The National Restaurant Association told its board members to avoid the press in the tumult surrounding allegations first reported in Politico that the association’s former CEO, Herman Cain, sexually harassed two female staffers for the group.
But some board members spurned the suggestion, Politico reports
, and most of them support Republican presidential candidate Cain, who headed the association from 1996 to ’99 and has denied harassing anyone, ever.
“Until proven otherwise, [the association] should back him,” said Bill Anton, a member of the board of directors who was chairman when Cain headed the association’s political action committee.
The National Restaurant Association, which decided several weeks ago not to endorse Cain’s presidential bid, sent an email to board members Monday urging them to avoid the media, Politico reports. And association officials won’t discuss the allegations.
Despite the association’s decision against endorsing Cain, several board members told Politico that they and others plan to raise money for the former Godfather’s Pizza CEO on their own.
The association released an official statement about the furor surrounding Cain on Monday saying, “The incidents in question relate to personnel matters that allegedly took place nearly 15 years ago. Consistent with our long-standing policy, we don’t comment on personnel issues relating to current or former employees.”
Association board members told Politico Monday that the group should stand up for Cain and not offer more comment on the story. “I think they should stay out of it,” said Burton Sack, who chaired the association’s board in 2004 and 2005.
The association went into crisis management mode when it found out about the Politico story several weeks ago, the news service states. It is in a difficult position where it can’t say much, crisis management and public relations officials told Politico.
“If only for legal reasons, they can’t be talking about personnel issues,” said Jim Manley of Quinn Gillespie & Associates.
Crisis communications specialist Marina Ein said that, although Cain needs to clear the air, “the association has a responsibility to protect everybody who works there. That’s their first responsibility.”

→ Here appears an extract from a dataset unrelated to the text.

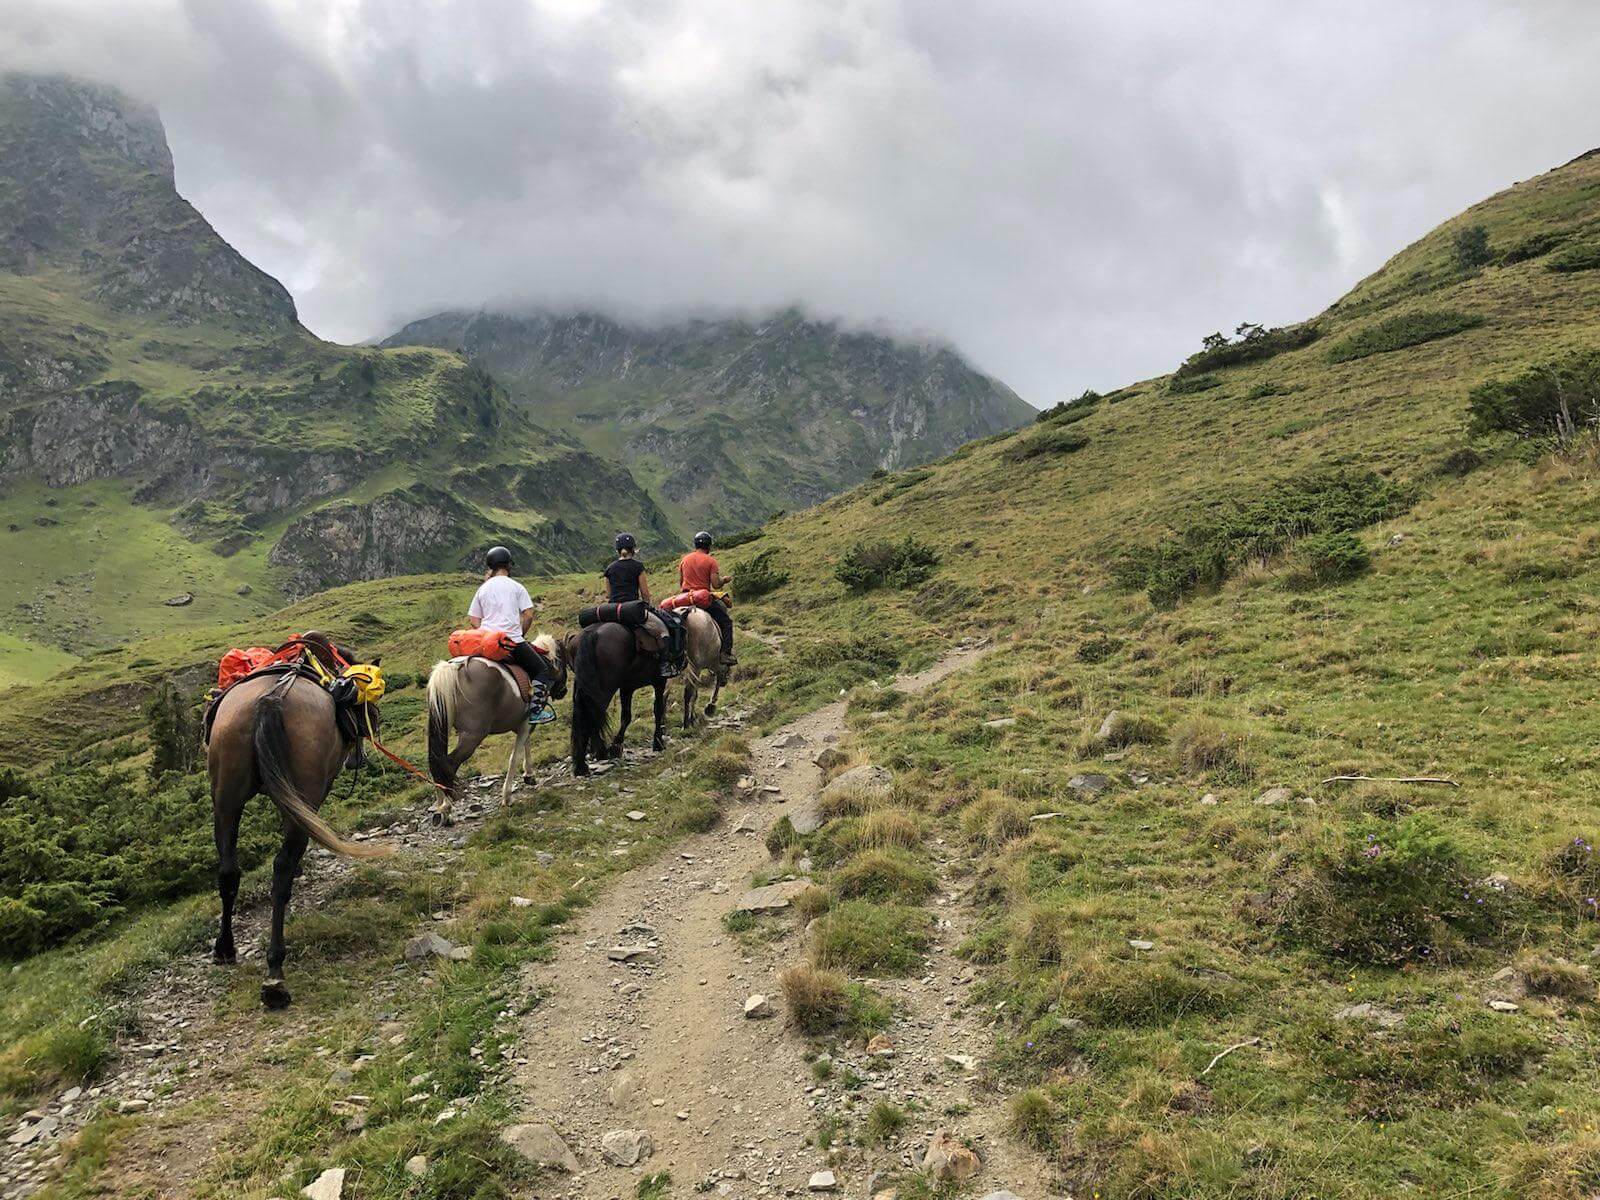 Randonnée à cheval dans les Pyrénées, groupe sous le pic du midi dans les nuages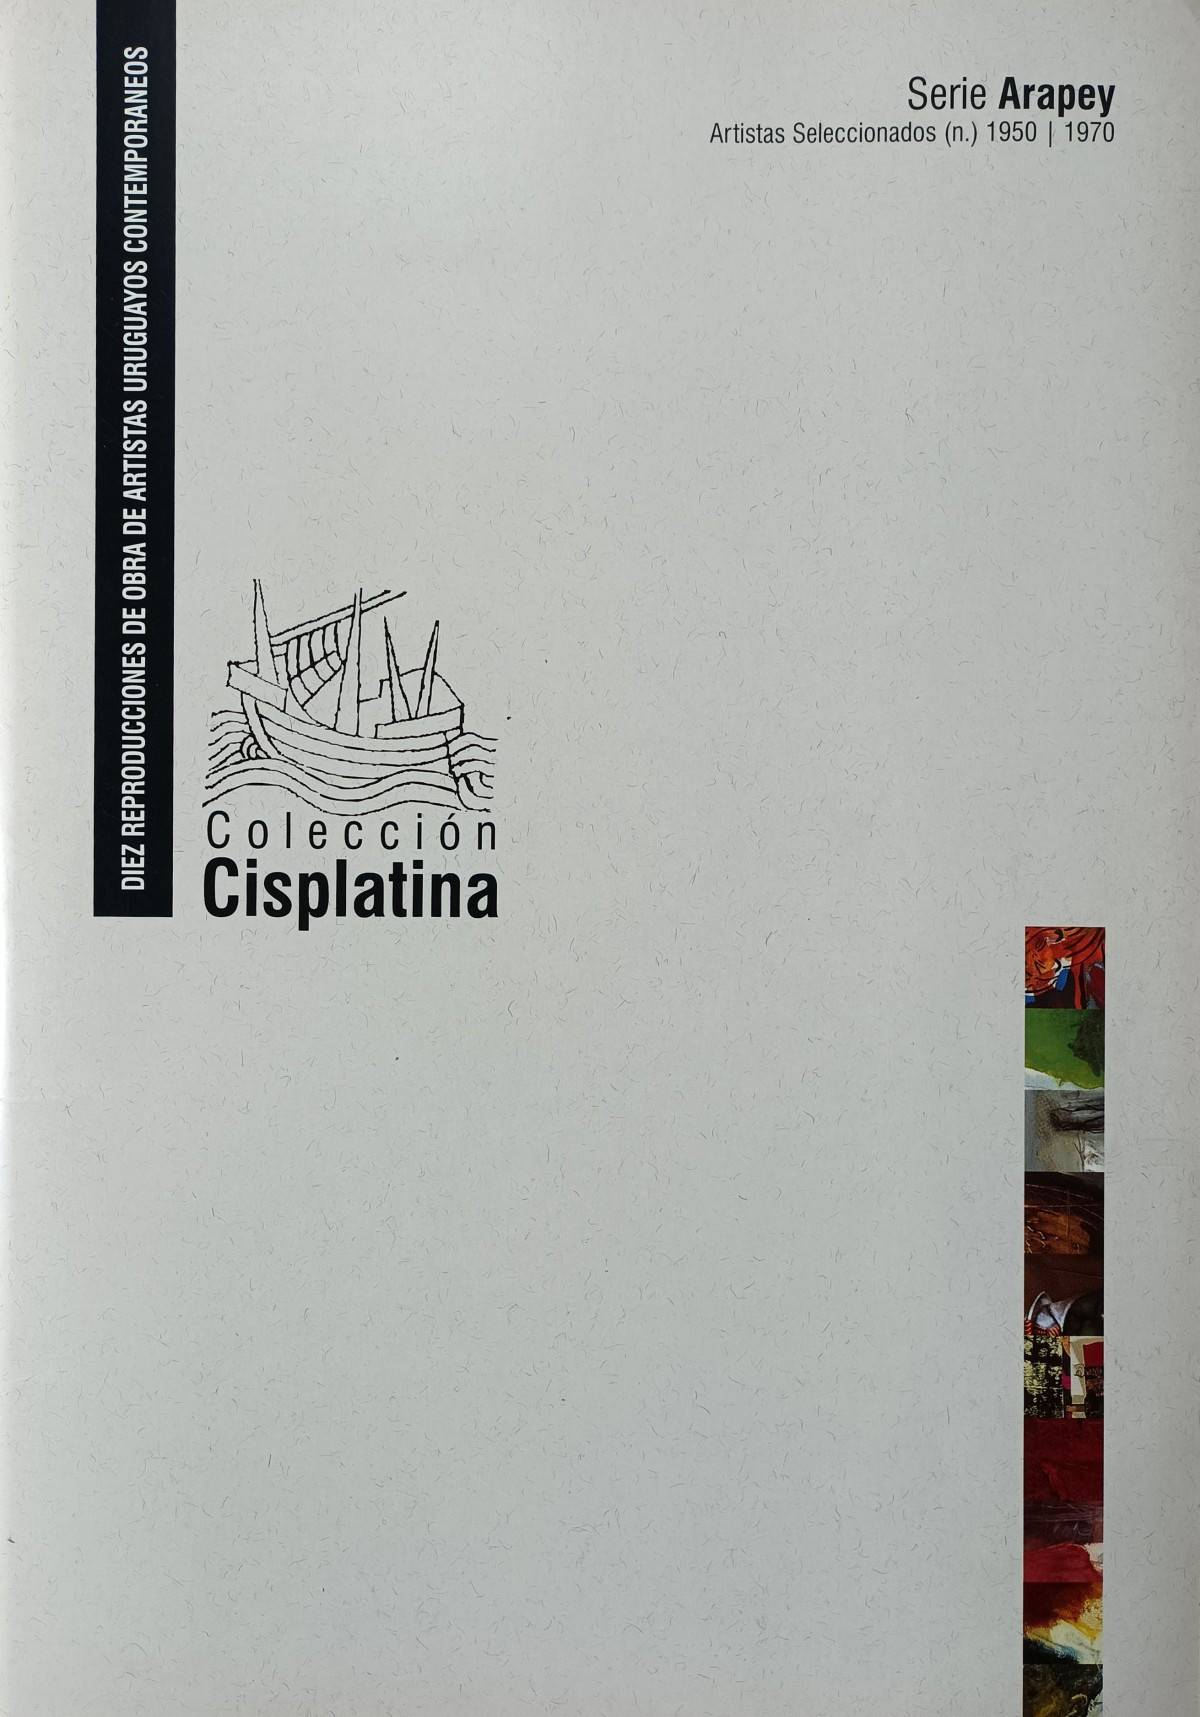 Carpeta Cisplatina : Reproducciones Fotográficas Serie Arapey,  . Artistas varios. Impreso.  43 x 29 cm. Nº inv. A481.

The tumult over Cain won’t do much to help the association with its members, Galen Reser, former head of PepsiCo’s Washington operation, told Politico. “Companies aren’t going to want to take on the baggage of the trade association,” he said.
“Companies expect their trade associations to conduct themselves, when it comes to personnel matters, with the highest degree of integrity.”
The fundamental message from company members to trade associations in events like these is “you better handle this,” Reser said. “Fix this fast and deal with it, because we don’t want it on our doorstep.”